Figure 4. Create a zone-disaster recovery instance

When you create a multi-zone instance, the master node and replica node are deployed in different zones and provided with the same specifications. The master node synchronizes data to the replica node through a dedicated channel.

If a power failure or a network error occurs on the master node, the replica node takes over the role of the master node. The system calls an API operation on the configuration server to update routing information for proxy servers. The underlying network performs a failover based on the precision of the routing information available in a backbone network. The master node provides more specific CIDR blocks than the replica node. In normal conditions, the system transmits requests to the master node through specific CIDR blocks. If the master node fails, the master node does not upload routing information to the backbone network. The backbone network only provides less specific CIDR blocks of the replica node. The system routes requests to the replica node based on the available routing information.

ApsaraDB for Redis provides an optimized Redis synchronization mechanism. Similar to global transaction identifiers (GTIDs) of MySQL, ApsaraDB for Redis uses global operation identifiers (OpIDs) to indicate synchronization offsets and runs lock-free threads in the background to search OpIDs. The system asynchronously synchronizes append-only file (AOF) binary logs (binlogs) from the master node to the replica node. You can throttle synchronization to ensure service performance.

Geo-disaster recovery

ApsaraDB for Redis supports the Redis Global Replica solution. You can use a global replica instance of ApsaraDB for Redis to run multiple child instances simultaneously across regions worldwide. These child instances exchange data in real time. Different from earlier disaster recovery solutions, child instances work as master nodes at the same time in this solution.
Note Redis Global Replica is tested on the Alibaba Cloud China site. Other Alibaba Cloud sites do not support this solution.
The global replica instance of ApsaraDB for Redis consists of multiple child instances, multiple synchronization channels, and a channel manager.
  • A child instance is a basic service unit on the global replica instance. All child instances can process read and write requests.
  • The synchronization channels enable a two-way synchronization between child instances in real time. If synchronization is interrupted, the system can resume the synchronization from the last breakpoint within a few days after the interruption.
  • The channel manager controls the lifecycle of the synchronization channels. If a child instance fails, the channel manager switches the workloads from the failed child instance to another child instance, and creates a new child instance. This failover process guarantees high availability of your workloads.
Note The global replica instance asynchronously replicates data among child instances to minimize the impact on the service performance.

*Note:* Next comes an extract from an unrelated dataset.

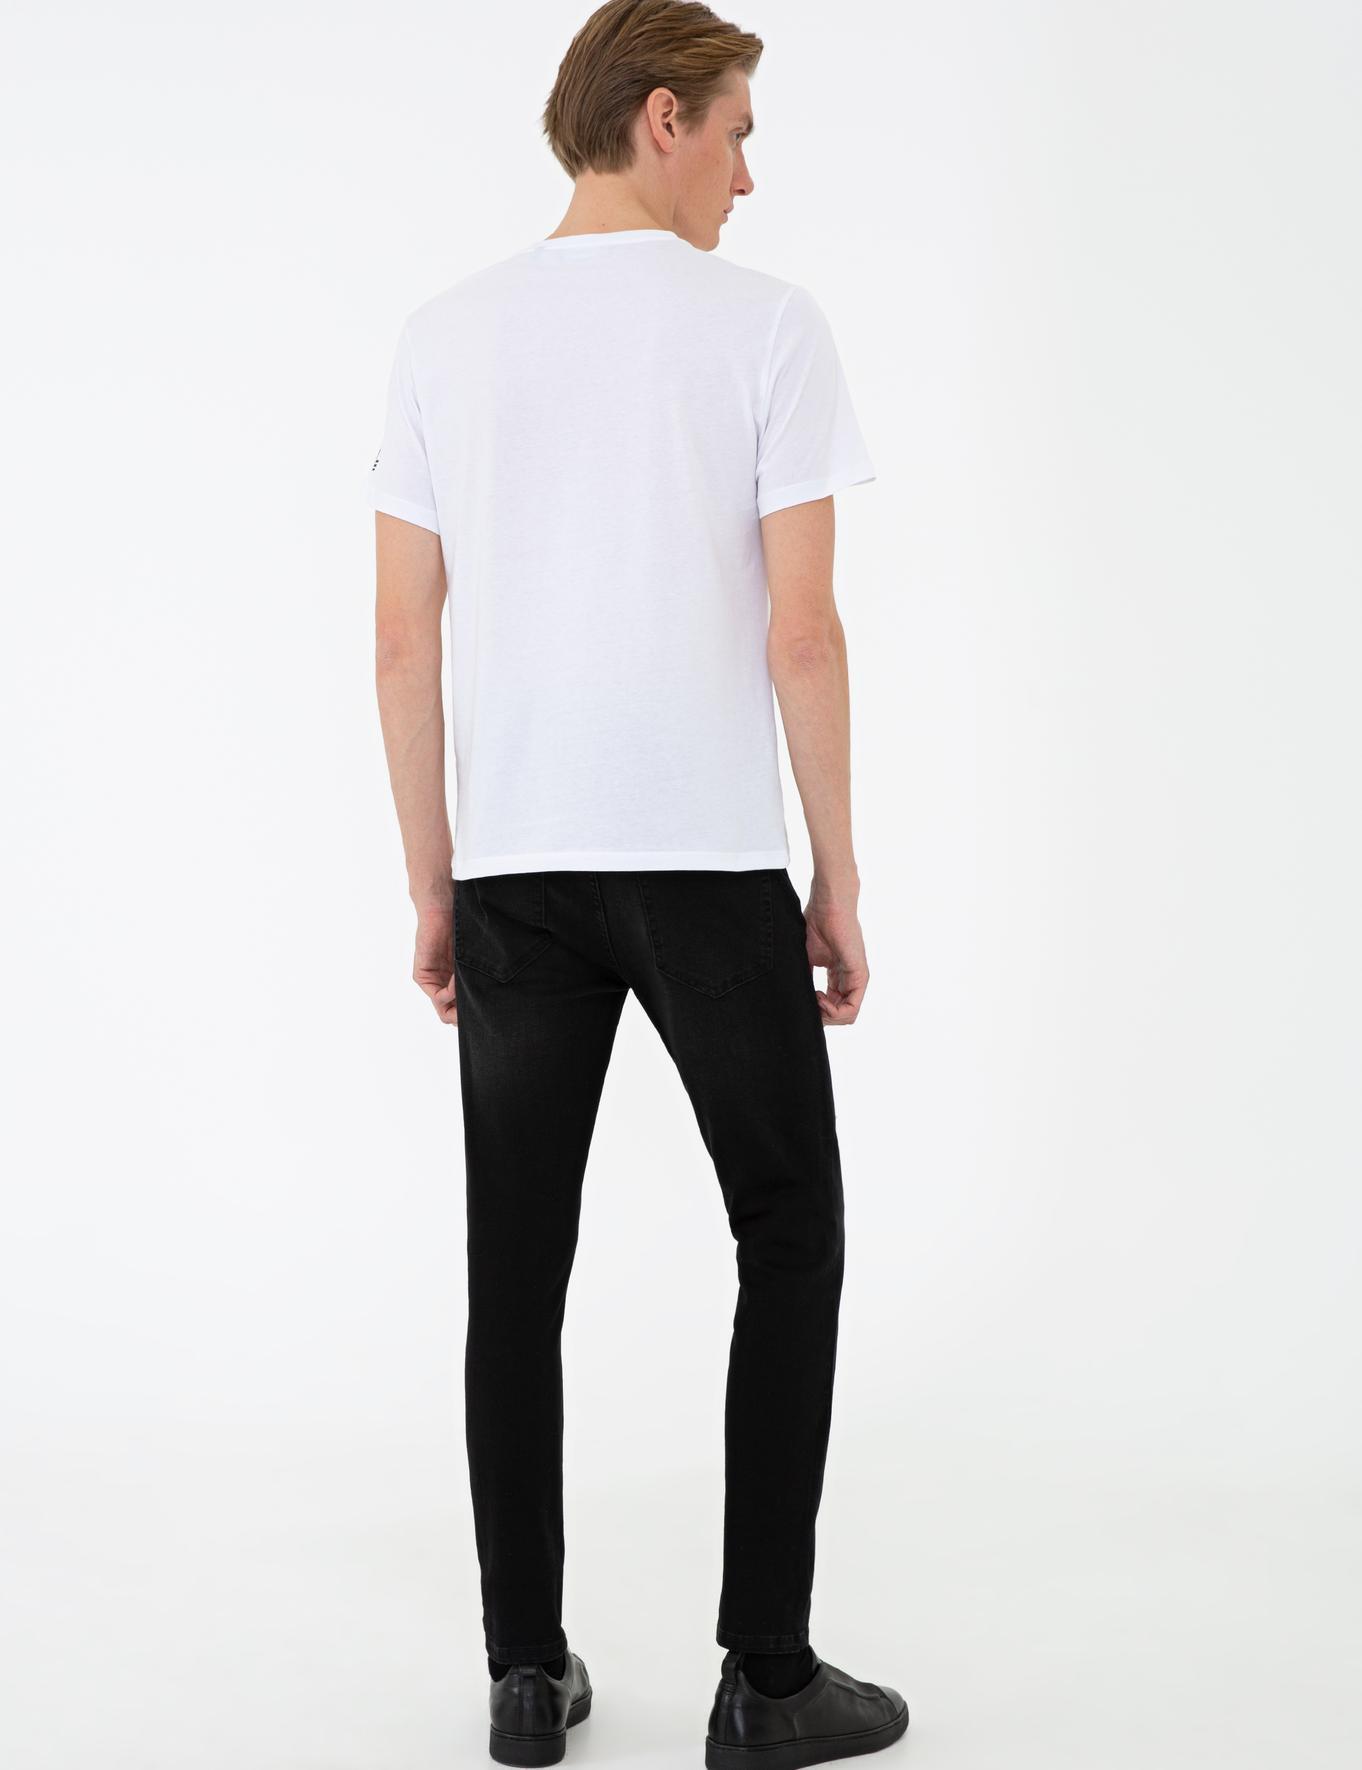 Siyah Slim Fit Denim - 50235810033

When you manage the global replica instance, you can set the failover feature on your application. If a failure occurs on a child instance in a region, the system switches the workloads from the failed child instance to a child instance in another region to ensure service availability.

ApsaraDB for Redis provides multiple disaster recovery solutions to enable high availability at the instance level, zone level, and region level. You can select a solution to meet your business requirements.